* Work to be completed *
Without pictures, return the lines from the one containing "I just added" through the last line of the data below, exactly.

* Dataset section *
===
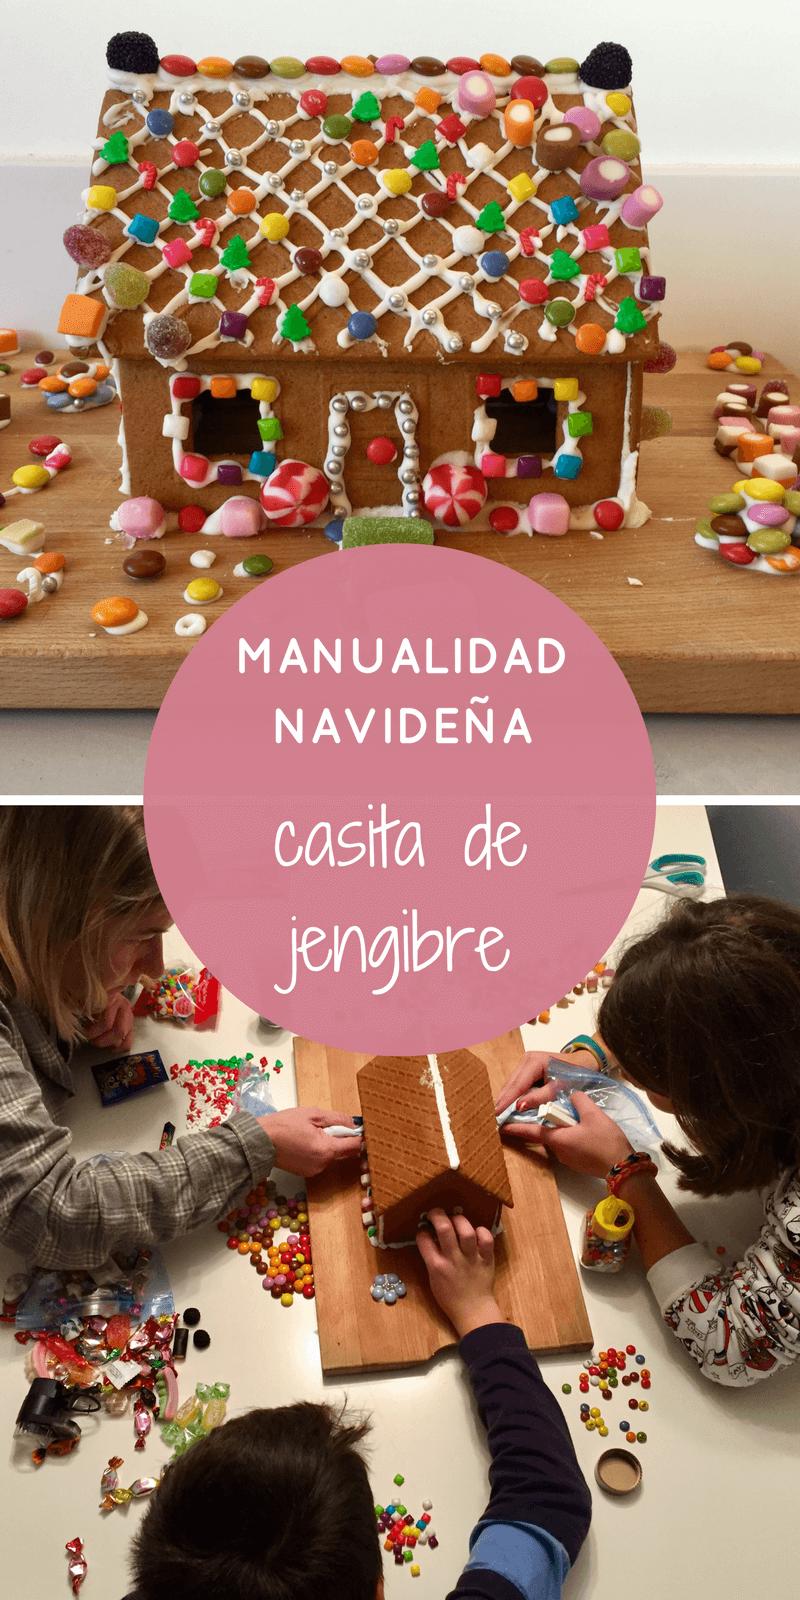 manualidad navideña: casita de jengibre | Jengibre te, Manualidades ...
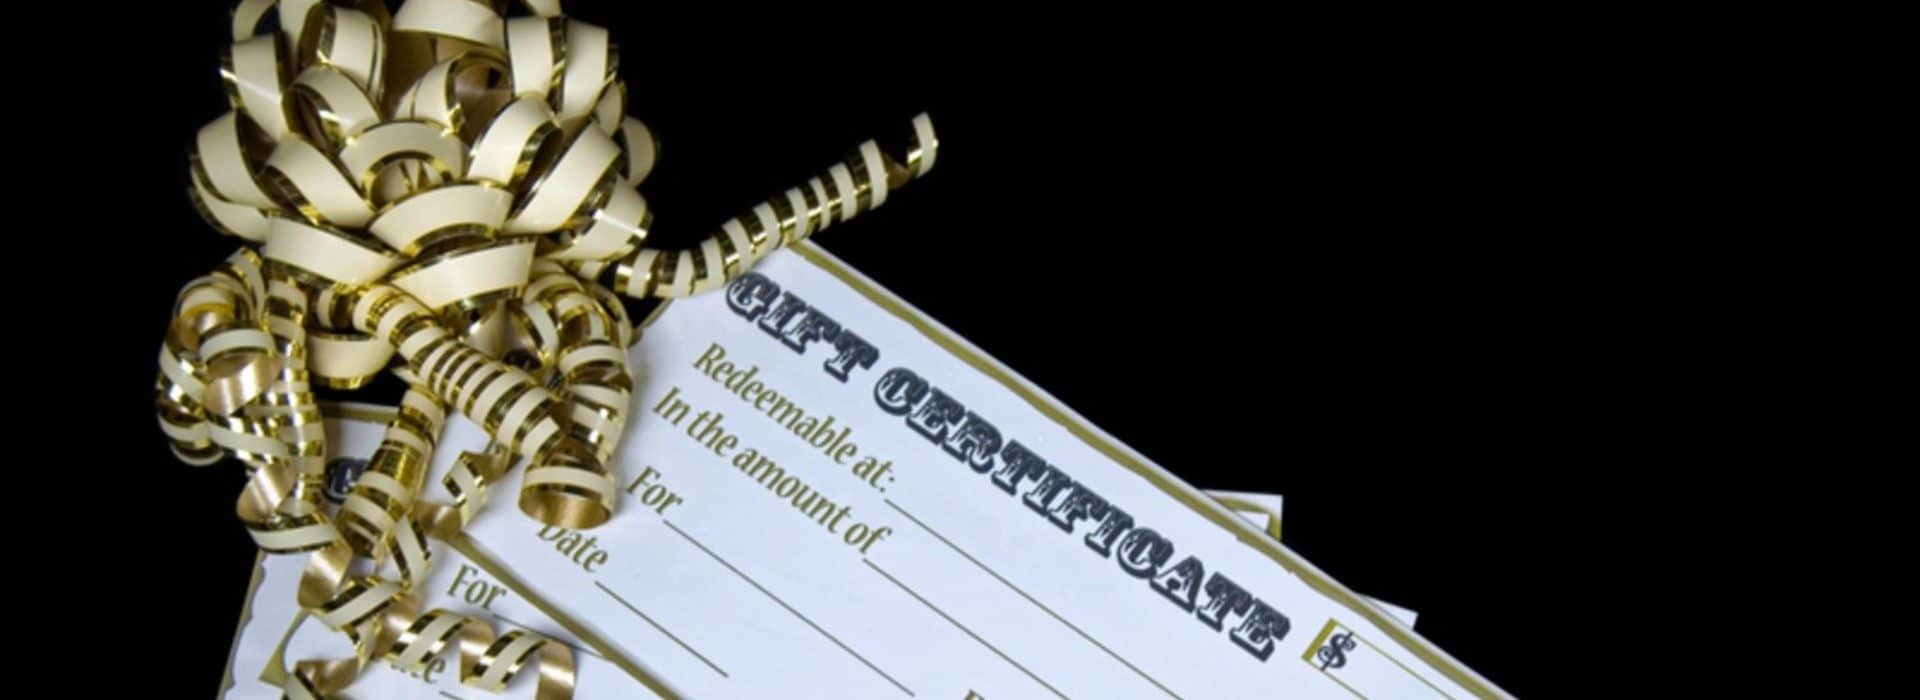 Gift Certificate, black background gold ribbon
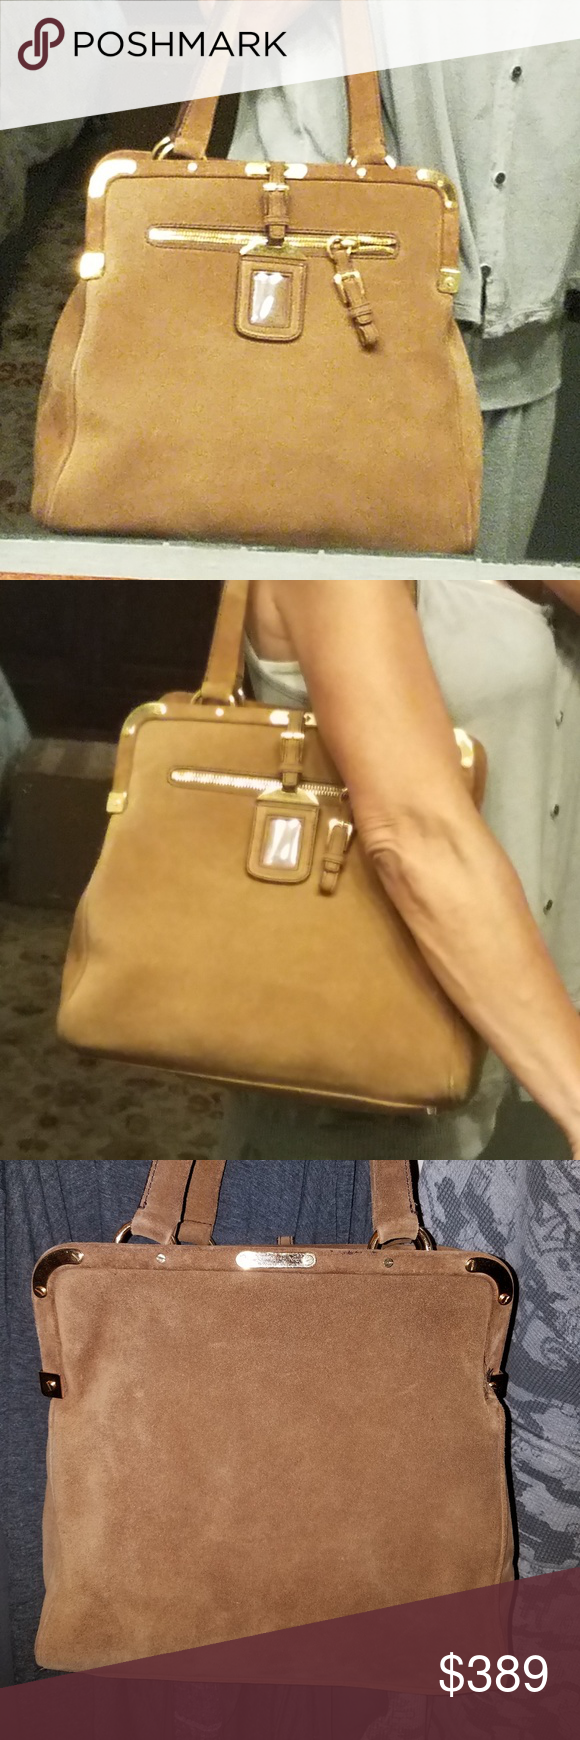 I just added this listing on Poshmark  Authentic Prada suede Brown shoulder  bag.  shopmycloset  poshmark  fashion  shopping  style  forsale  Prada   Handbags 4e92eb50e9
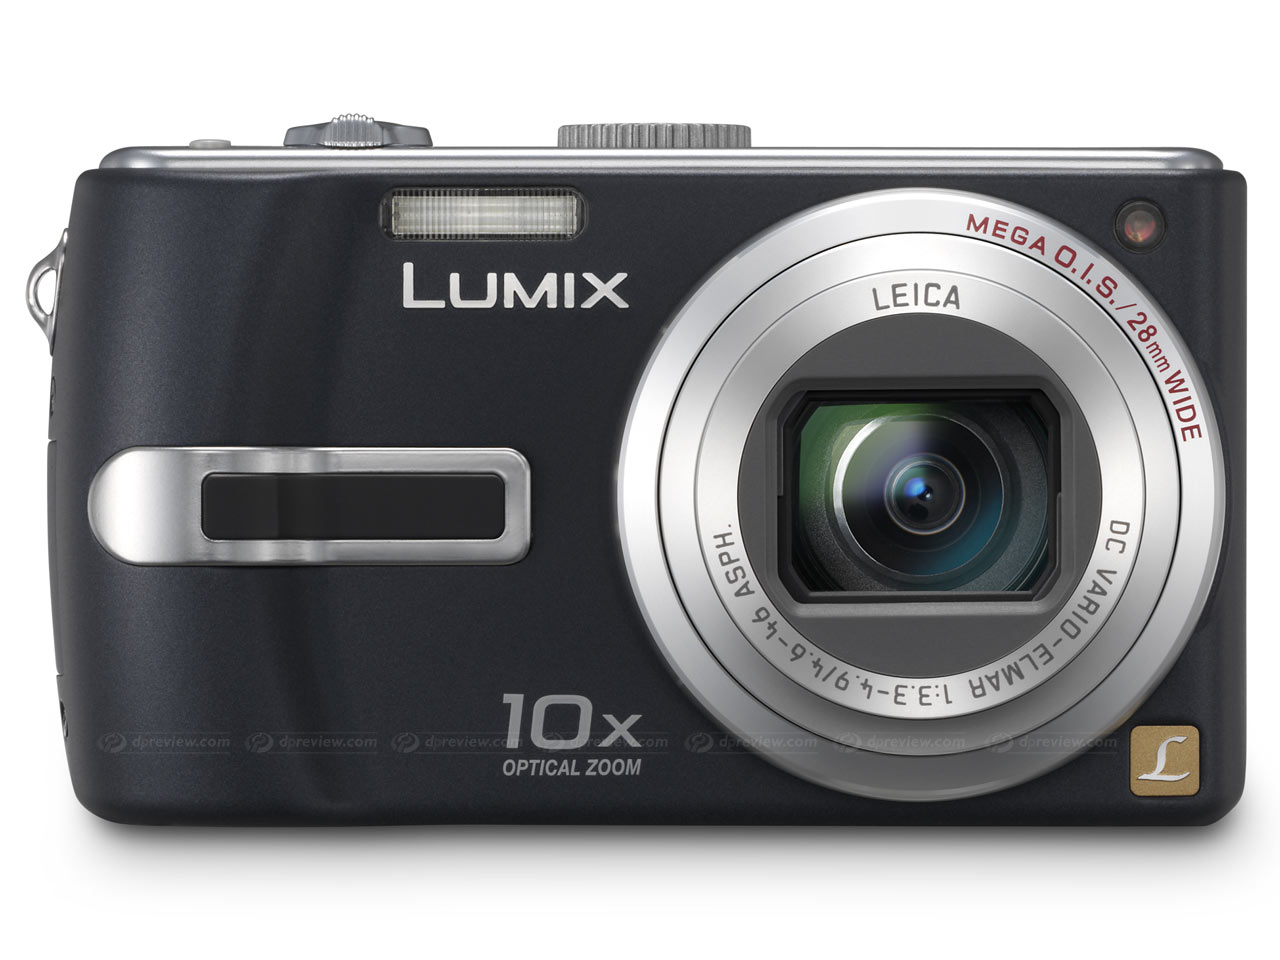 panasonic lumix dmc tz2 dmc tz3 digital photography review rh dpreview com Panasonic Lumix DMC -TZ10 Panasonic Lumix DMC ZS3
===
* Written solution *
 I just added this listing on Poshmark  Authentic Prada suede Brown shoulder  bag.  shopmycloset  poshmark  fashion  shopping  style  forsale  Prada   Handbags 4e92eb50e9
 panasonic lumix dmc tz2 dmc tz3 digital photography review rh dpreview com Panasonic Lumix DMC -TZ10 Panasonic Lumix DMC ZS3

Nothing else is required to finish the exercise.